In the Pancake SQL Pattern, we introduced new phases to our Query DSL to SQL transformation:
Query DSL
Parsed tree of aggregations
Pancake(s) of aggregations
Generated SQL AST (Abstract Syntax Tree)
A “pancake” is a new structure we defined where aggregations are stacked. Each layer is a grouping with a limit, and between layers, we have metric aggregations—our pancake “fillings.”
Here’s what a pancake might look like:
Metrics fillings: Total sum of requests
Grouping layer: Top 10 services by requests
Metric fillings: Sum of requests and errors for each top 10 service
Grouping layer: By day
Metric fillings: Sum of requests and errors per service per day
Each query is against some table and has additional top filters e.g. env = production.
This all happens in one query using window functions and ranking functions:
As long as groupings are stacked, we can translate all metric functions and groupings into one SQL. QUALIFY is like HAVING or WHERE but for window function. If it’s not available, another CTE can solve this.
All Query DSLs in our data set could be translated into a single pancake. Those that did not fit could still be translated into a few pancakes, reducing the overall number of SQL.
Stacking groupings allows us to consolidate all metric functions and groupings into one SQL. In our dataset, all Query DSLs can be combined into one. Though in some synthetical Query DSLs that don’t fit into a single pancake can usually be squeezed into handfuls, drastically reducing the number of SQL queries
The upside of pancakes
The Pancake SQL Pattern gave us these benefits:
Single Raw Data Query: We once do the most expensive operation (initial full scan).

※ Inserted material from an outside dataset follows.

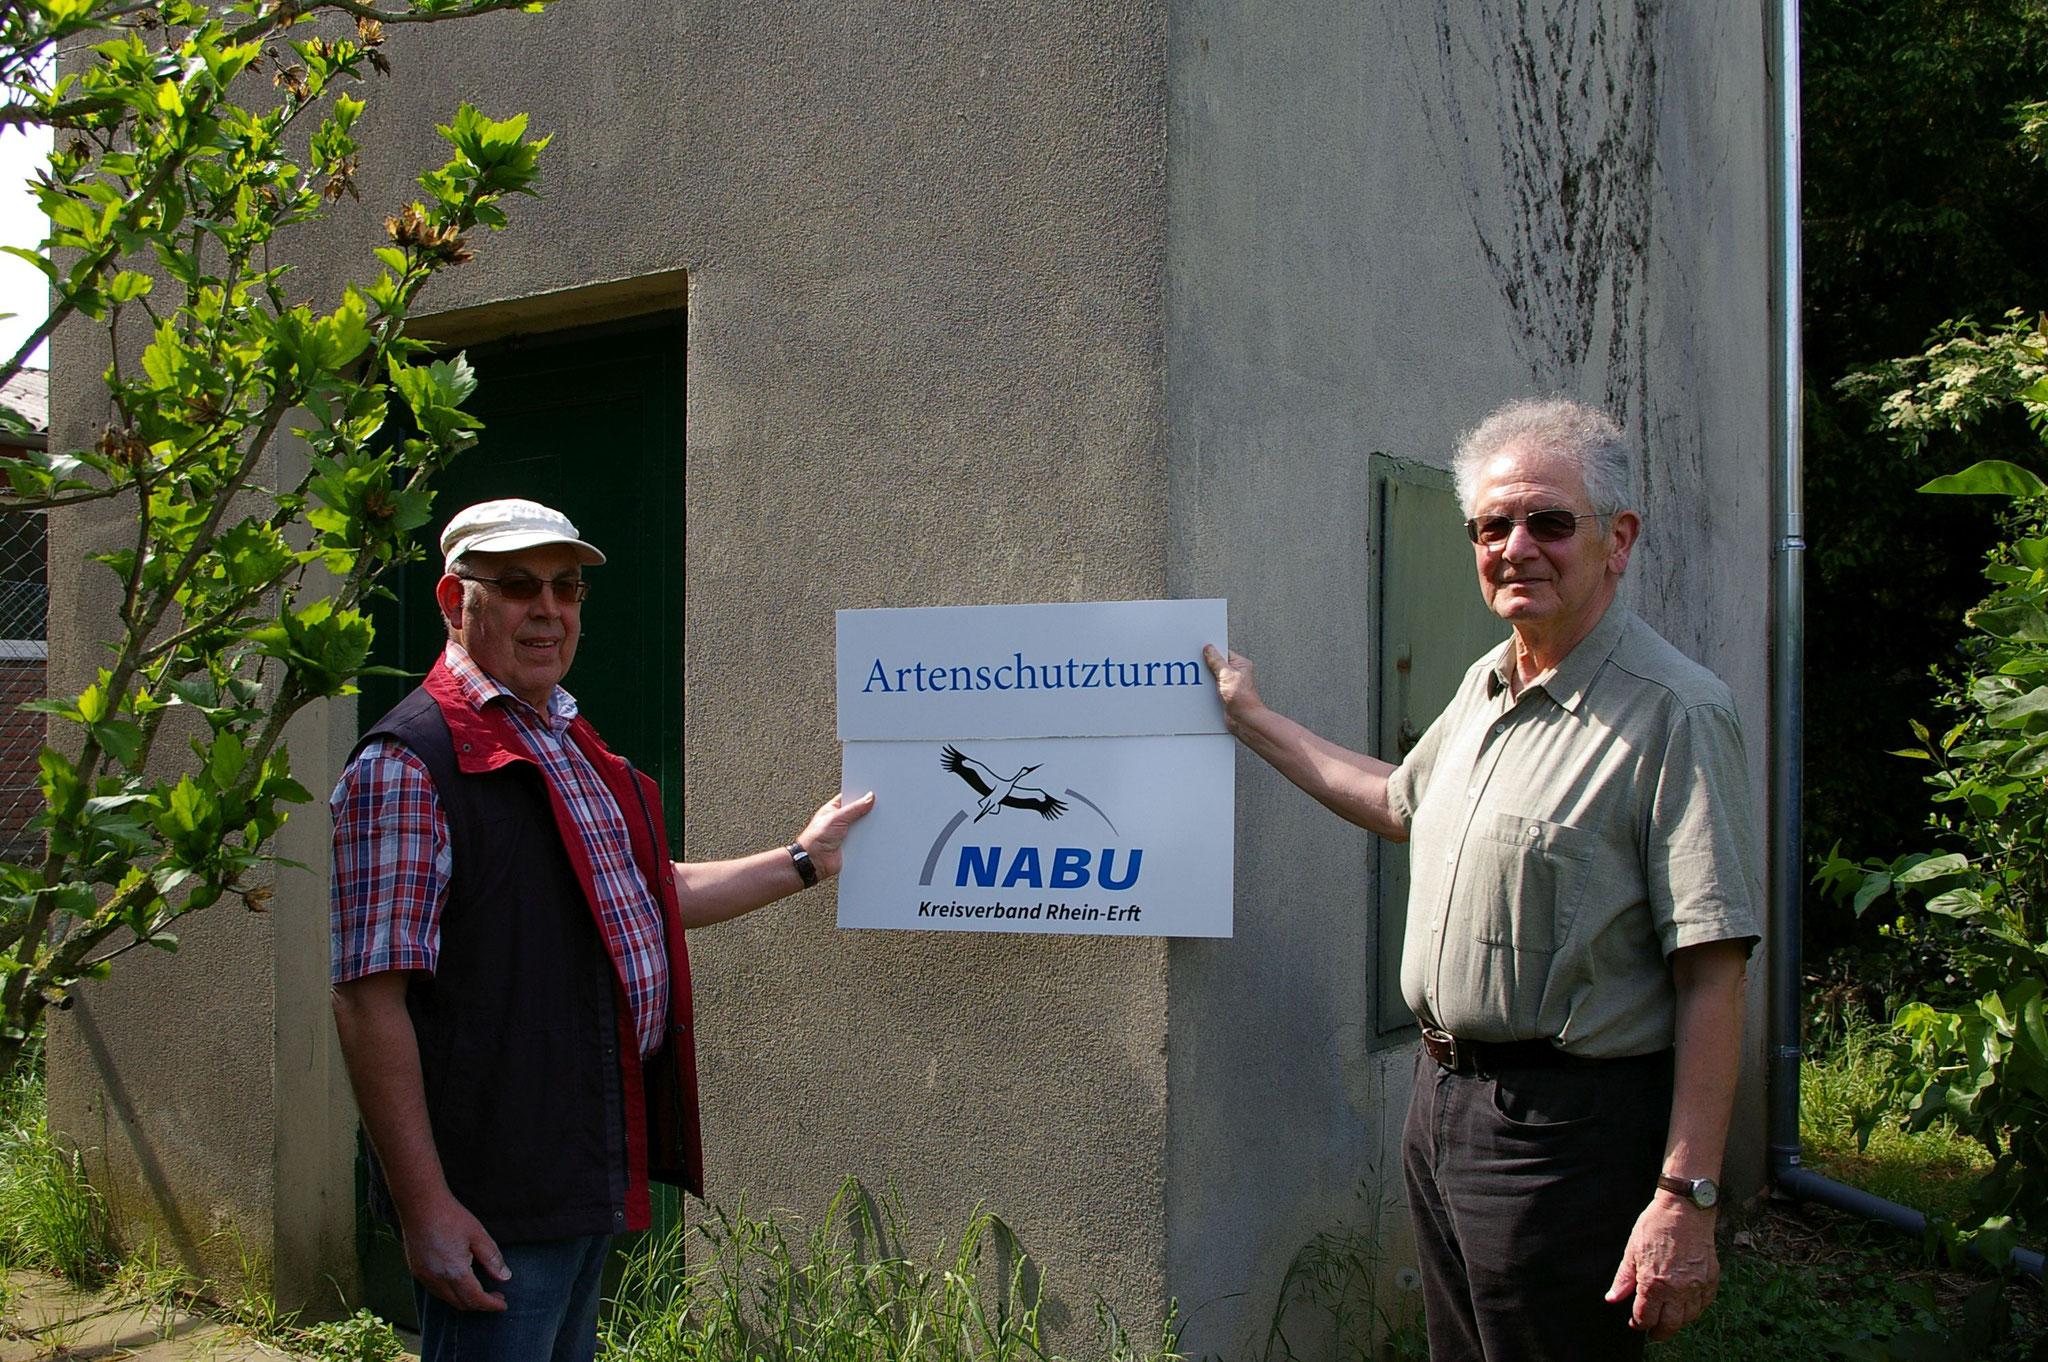 Artenschutzturm in Bedburg Bild: Susanne Kirsch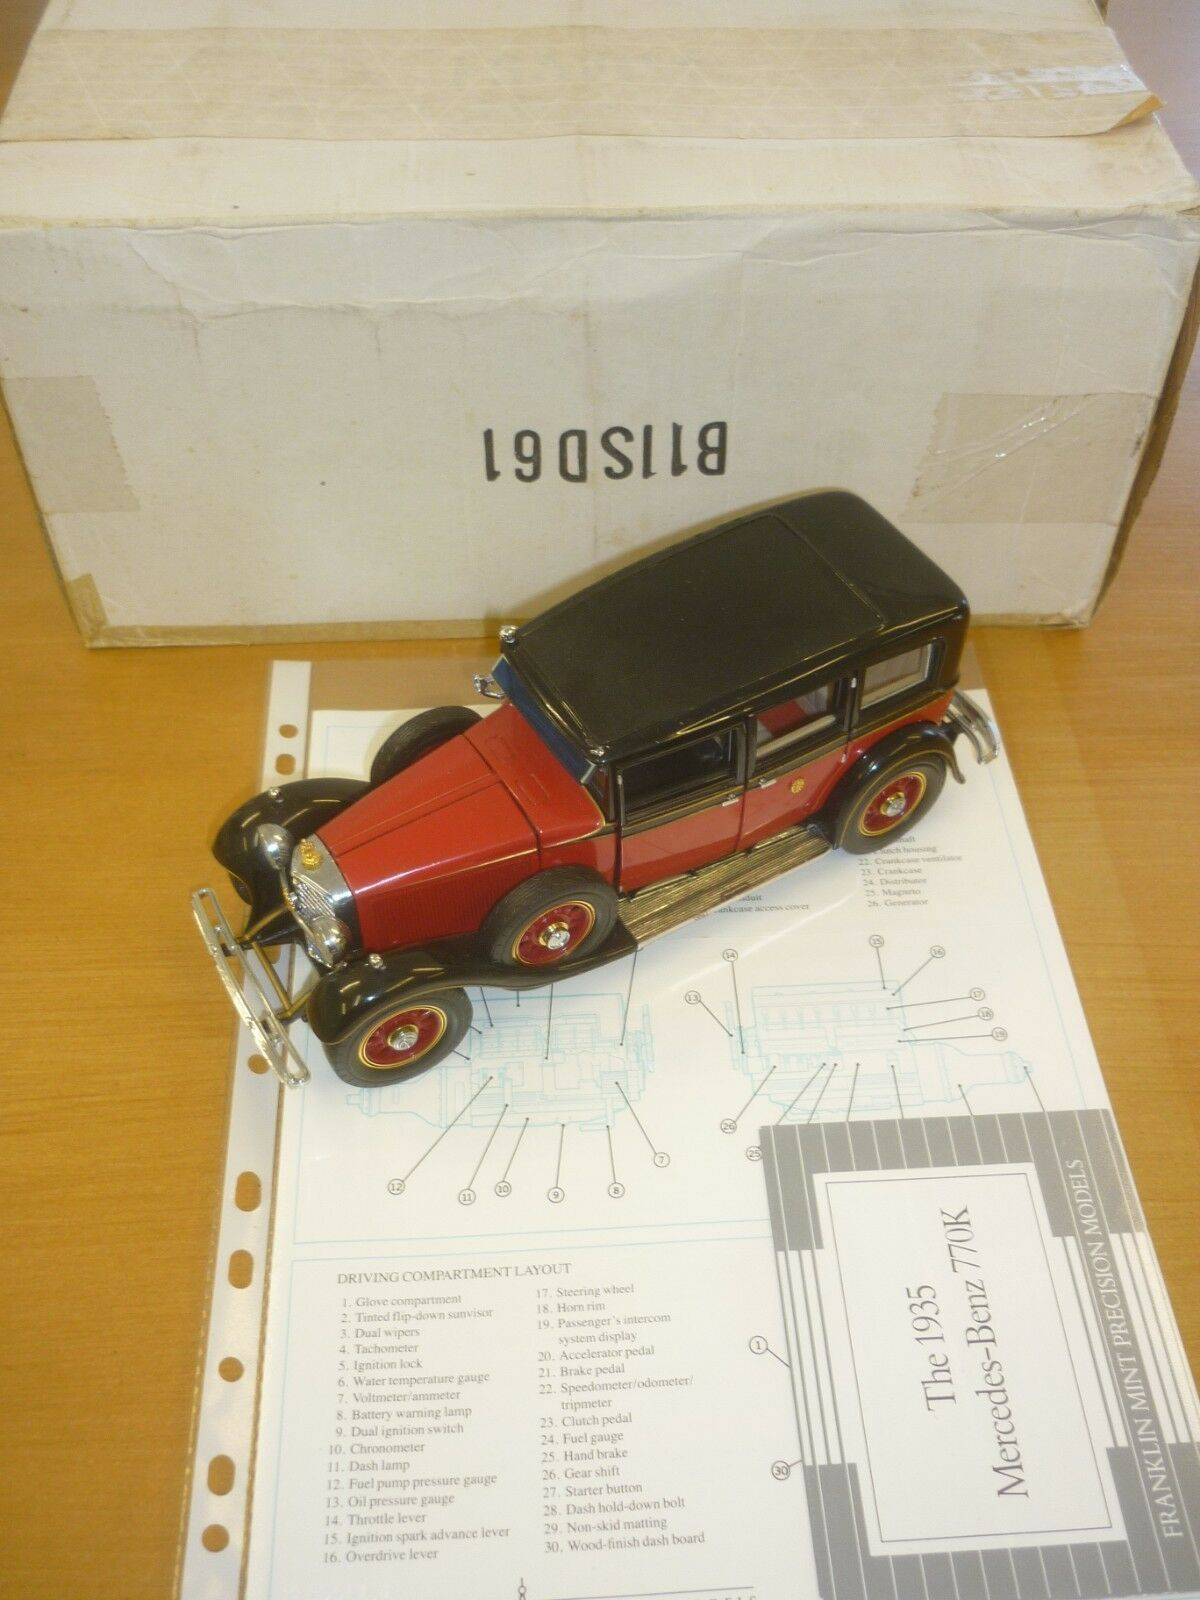 Die franklin - mint - ein modell einer 1935 mercedes - benz 770k geboxt, papierkram

Consolidation: Many aggregations fit into one pancake.
Efficiency: ClickHouse’s performance became predictable and close to the theoretical maximum throughput.
Simplicity: We used standard SQL, avoiding complex, DB-specific tricks.
Some potential downsides, like data duplication in result sets, didn’t significantly affect performance.
Alternatives we considered (and discarded)
We tried grouping the same queries other than select statements, but it wasn’t enough.
Other ways of grouping queries have also proven less universal at the expense of more complex code.
We tried using temporary memory tables. They worked performance-wise but were much more problematic to manage reliably and had more limitations in this use case.
Materialized views are great for universally speeding up specialized queries, but it is easy to ask queries that can no longer be leveraged, and we are back to baseline performance. We want baseline performance to be outstanding, too.
Wrapping Up: Why Pancakes Matter
As a database gateway, Quesma offers unique ways to optimize performance and make data more accessible. The Pancake SQL Pattern and other optimizations improved performance 50 times.
These seamless improvements are critical for DevOps and security engineers. When troubleshooting in production, every second counts. For many customers, an hour of downtime means over $100k in lost revenue. Tools that perform under pressure aren’t just nice to have—they’re essential.
At Quesma, we’re committed to ensuring that your database won't disappoint when you need your tools the most.
Footnotes:
[0] - Actual requests were anonymized. We translated them to industry-wide equivalents to preserve the design partner's anonymity and make this article easier for the general public to read.
[1] - We used ClickHouse SQL dialect, where window SQL runs after regular selects. Some SQL dialects look different.